Using the data below, return word for word every line from the one holding "Metle i čistači za podove" down to the one holding "1911 Γεώργιος Ε' (Νομισματοκοπείο Σίδνεϊ)". Leave pictures out.

■ RECORDS FOR THIS EXERCISE ■
+ + + + +
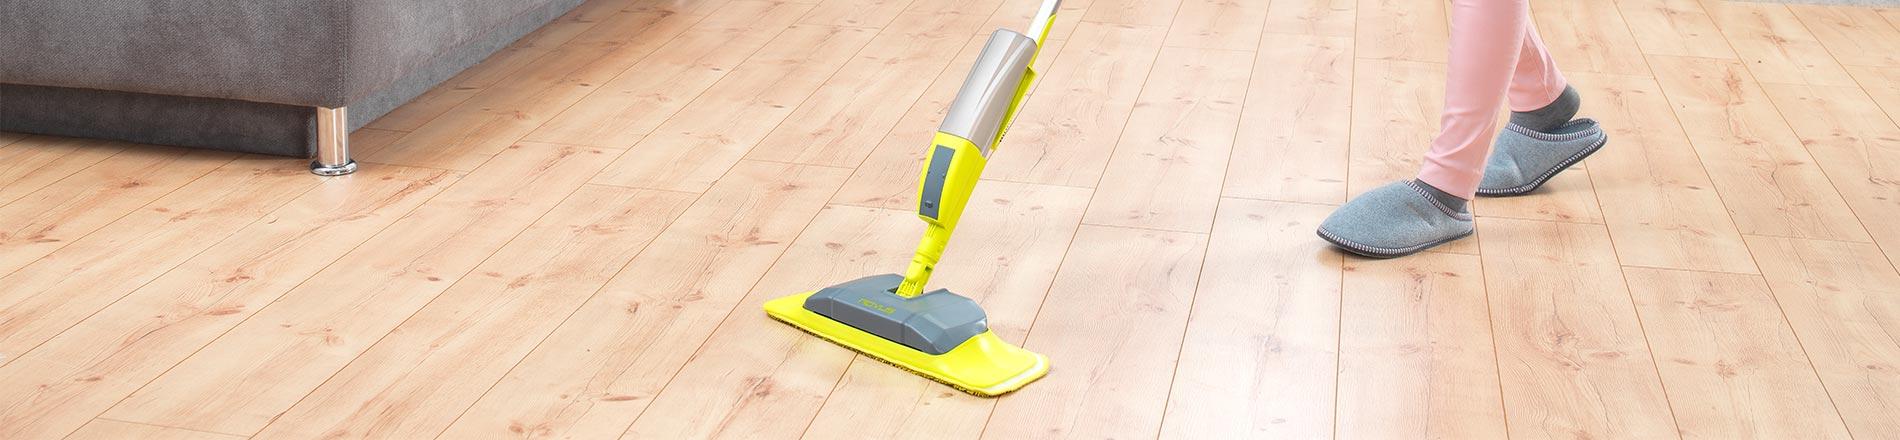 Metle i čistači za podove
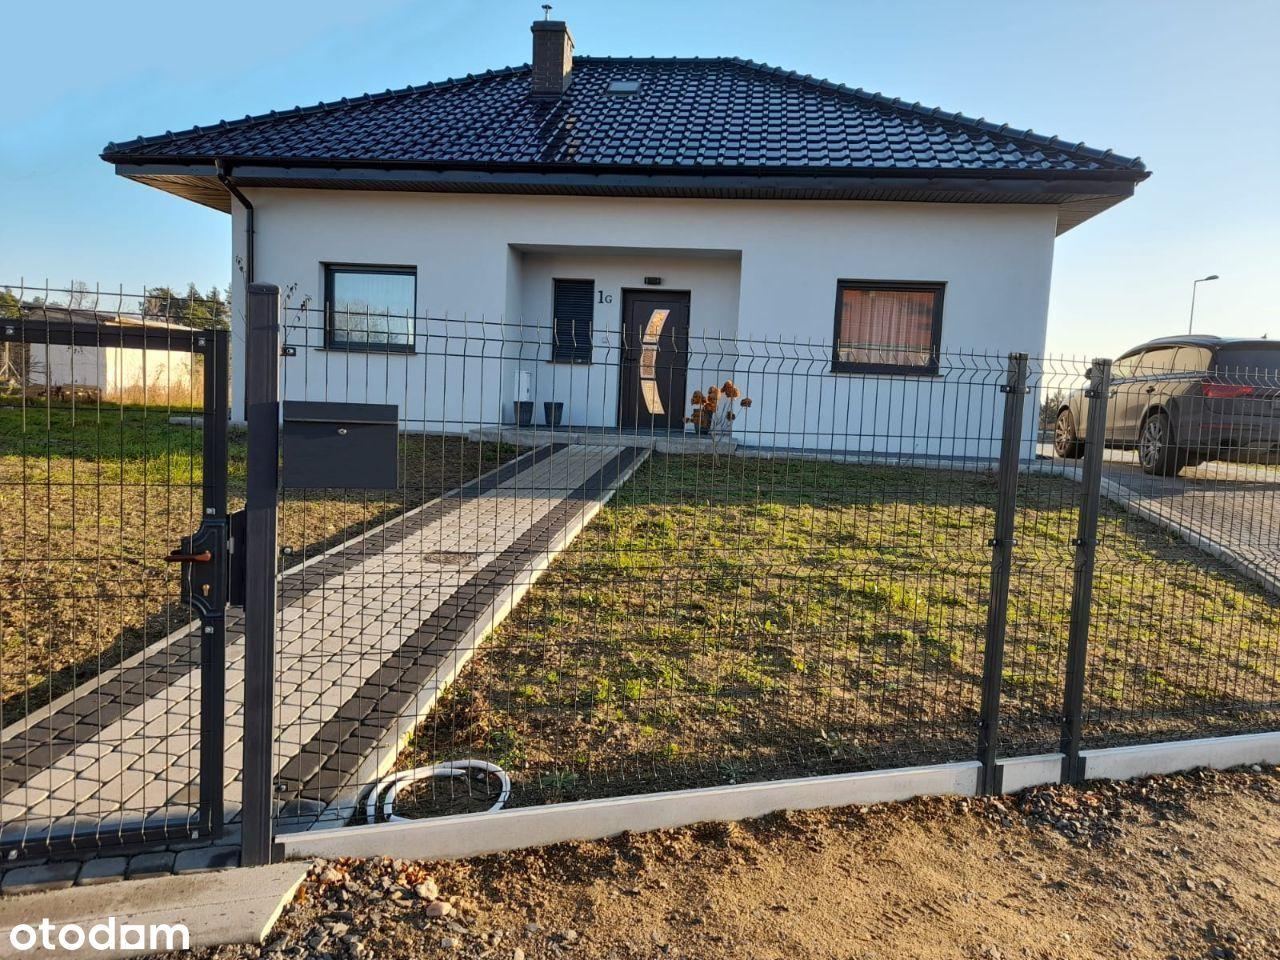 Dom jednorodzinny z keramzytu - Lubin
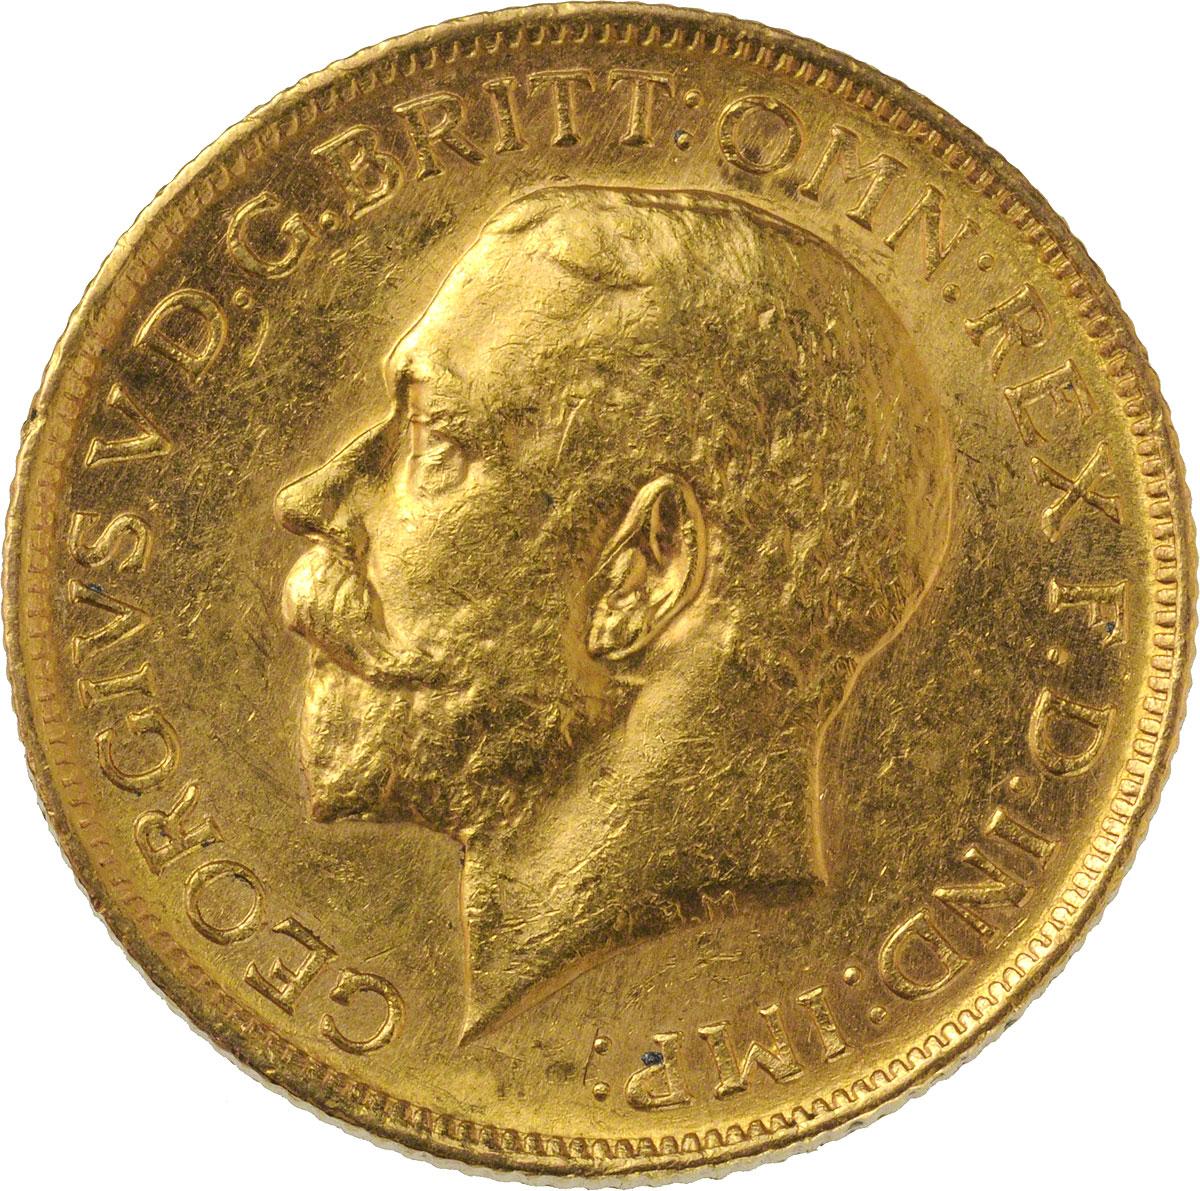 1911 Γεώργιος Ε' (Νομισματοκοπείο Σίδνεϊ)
+ + + + +
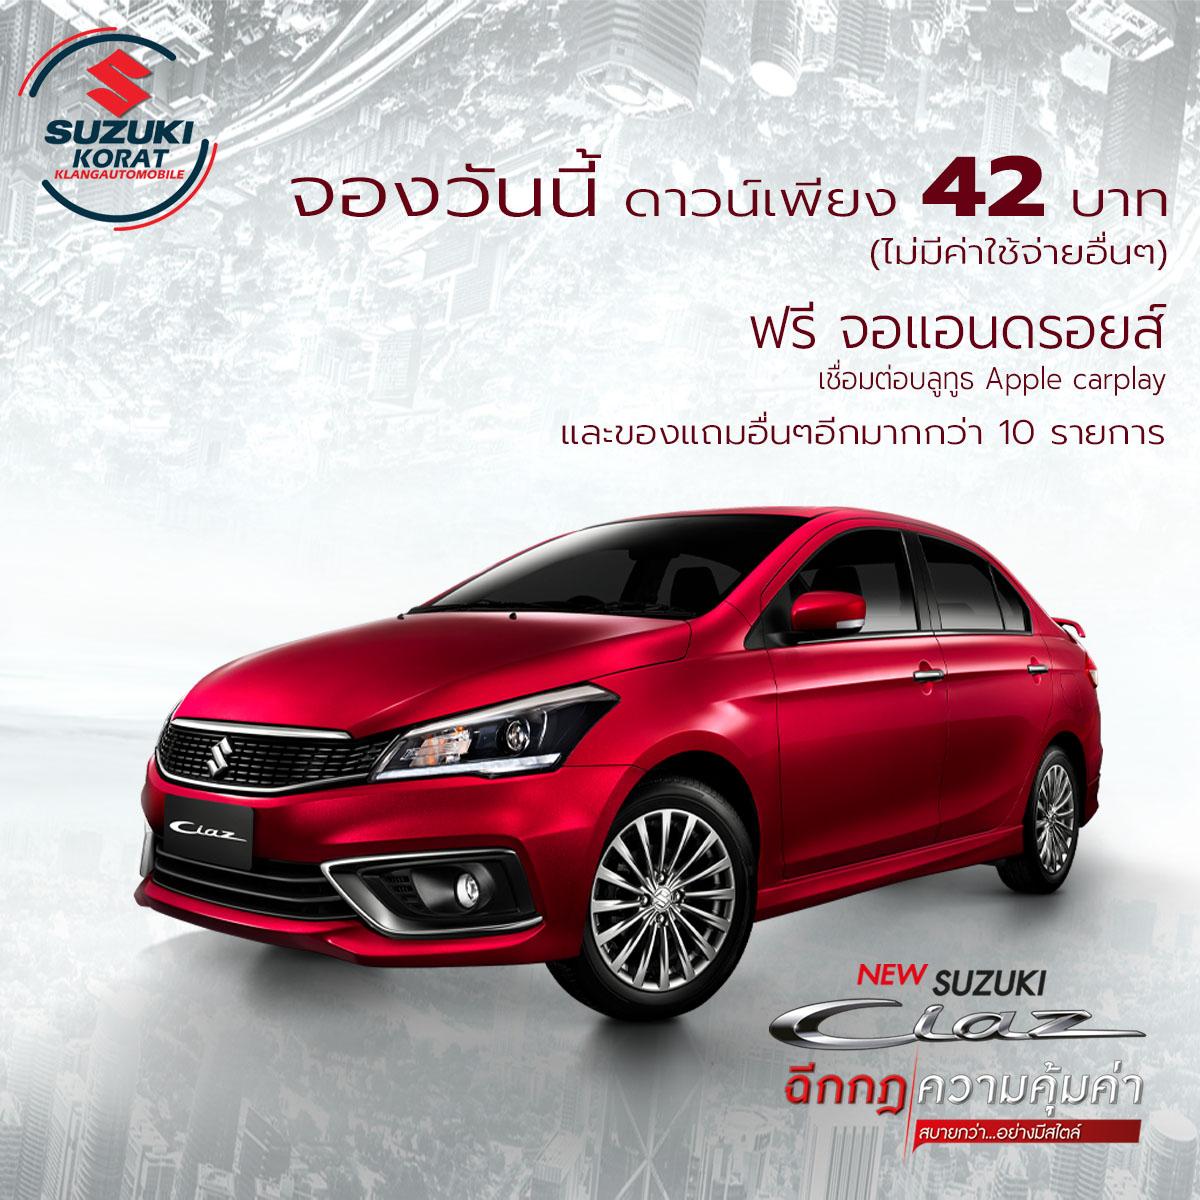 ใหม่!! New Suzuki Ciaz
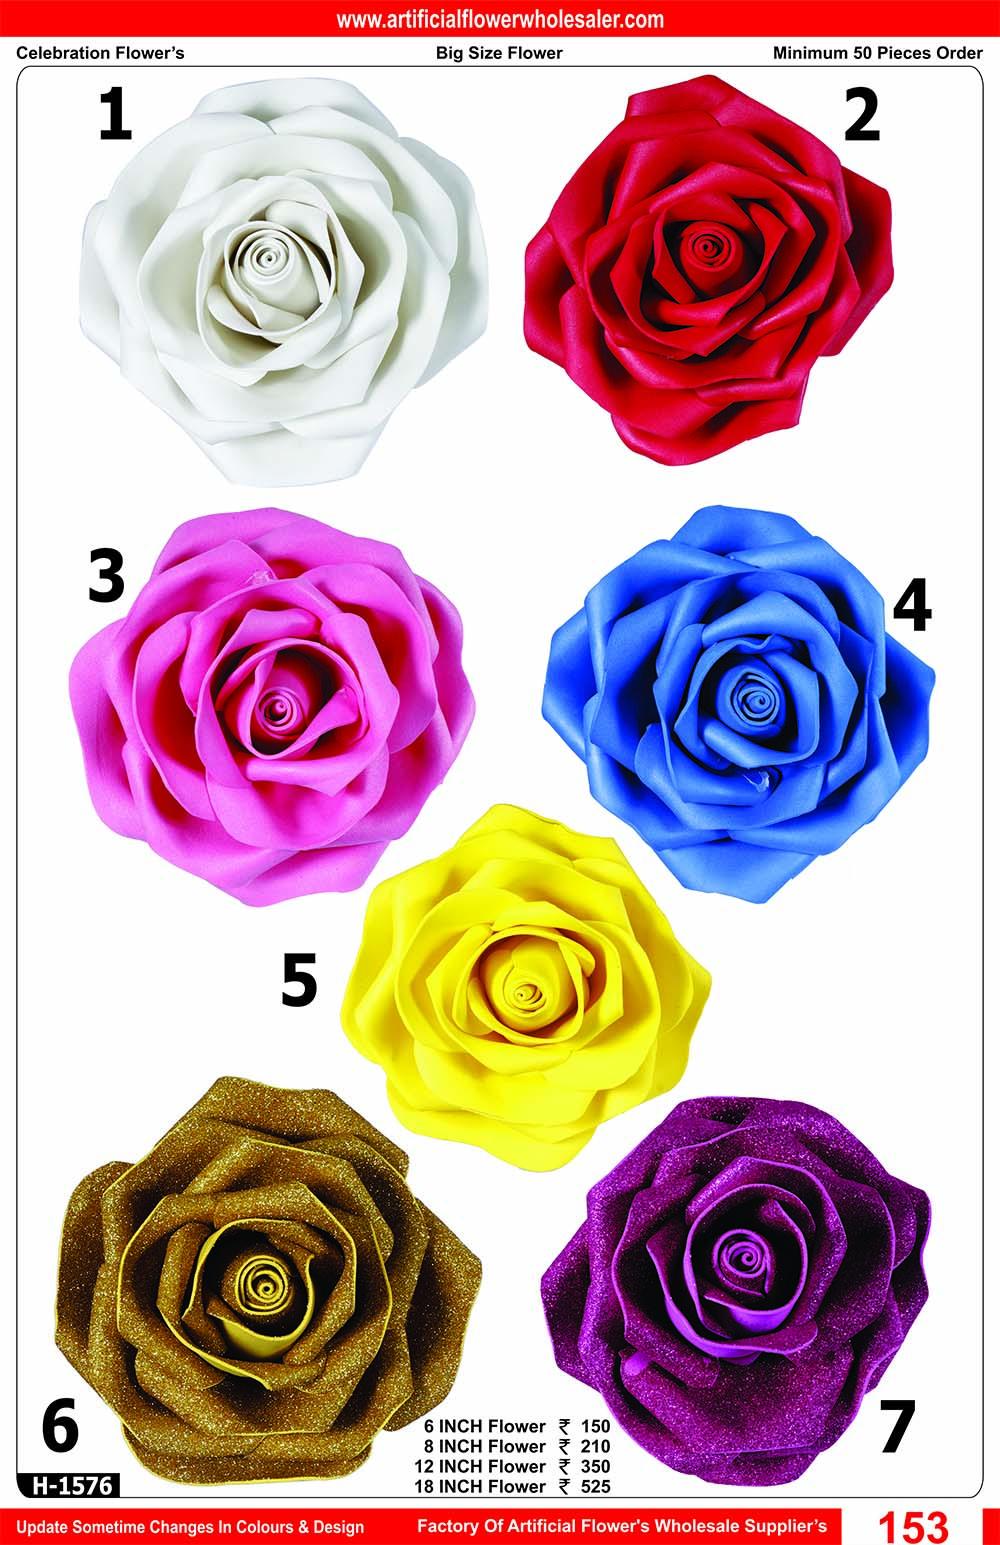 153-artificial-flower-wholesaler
+ + + + +
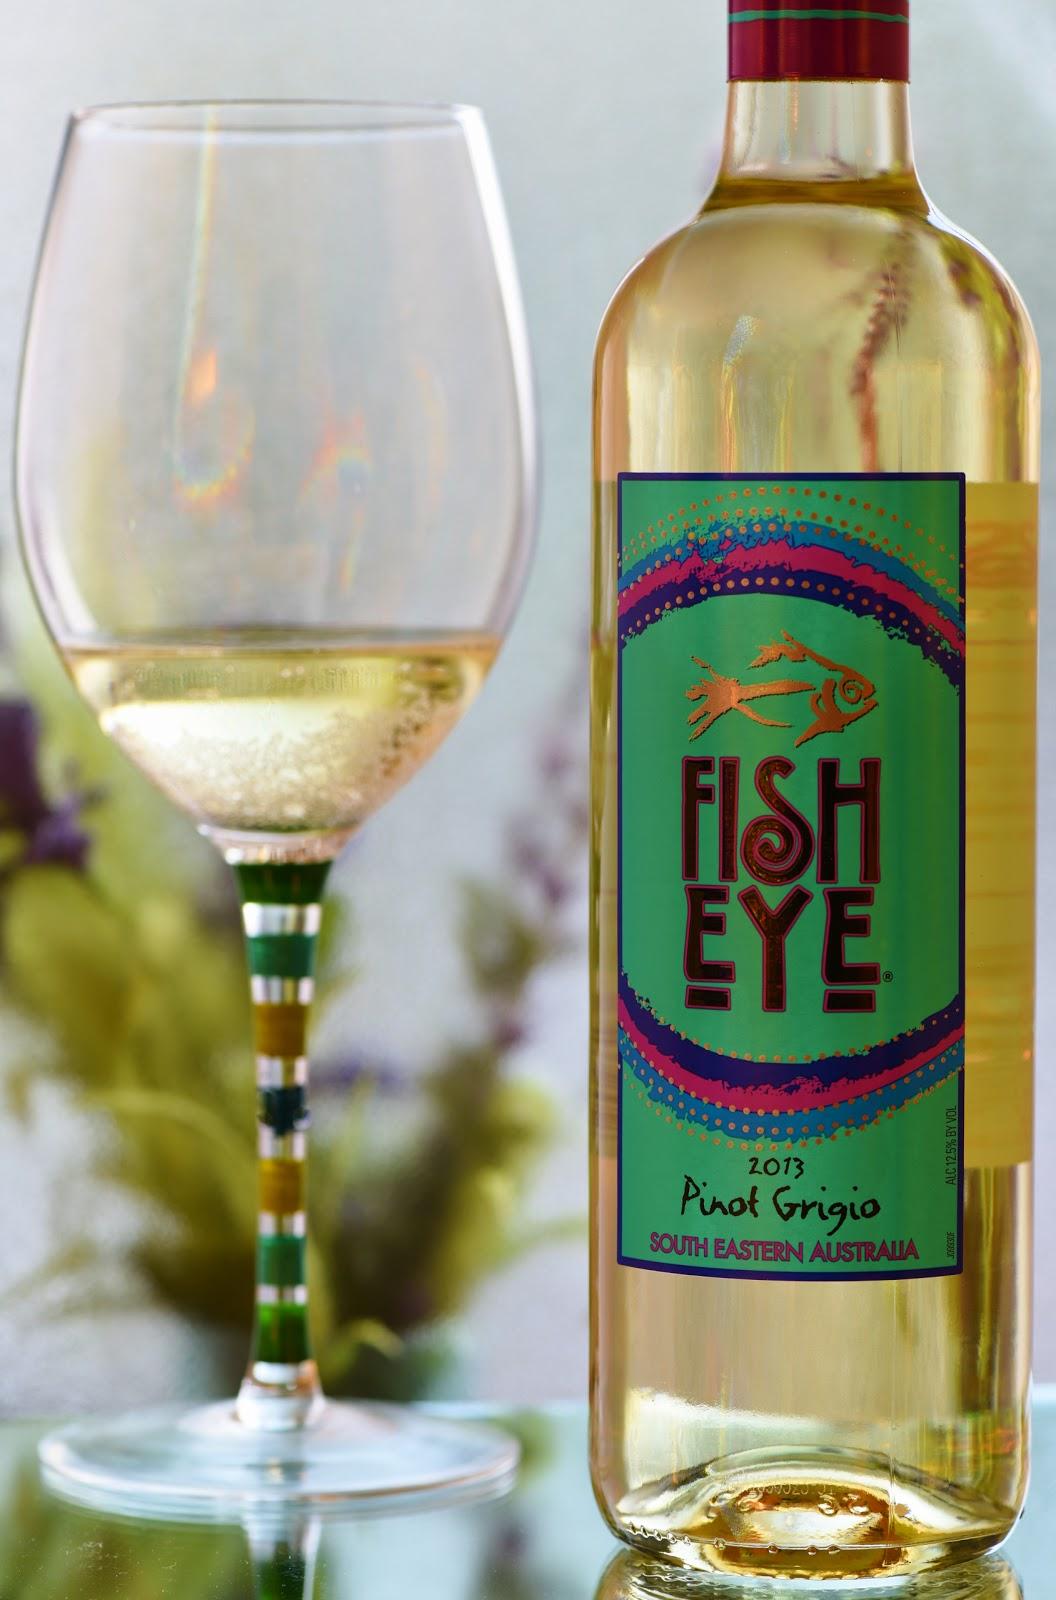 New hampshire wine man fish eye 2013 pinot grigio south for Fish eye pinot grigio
+ + + + +
■ RESULT BELOW ■
 Metle i čistači za podove
 Dom jednorodzinny z keramzytu - Lubin
 1911 Γεώργιος Ε' (Νομισματοκοπείο Σίδνεϊ)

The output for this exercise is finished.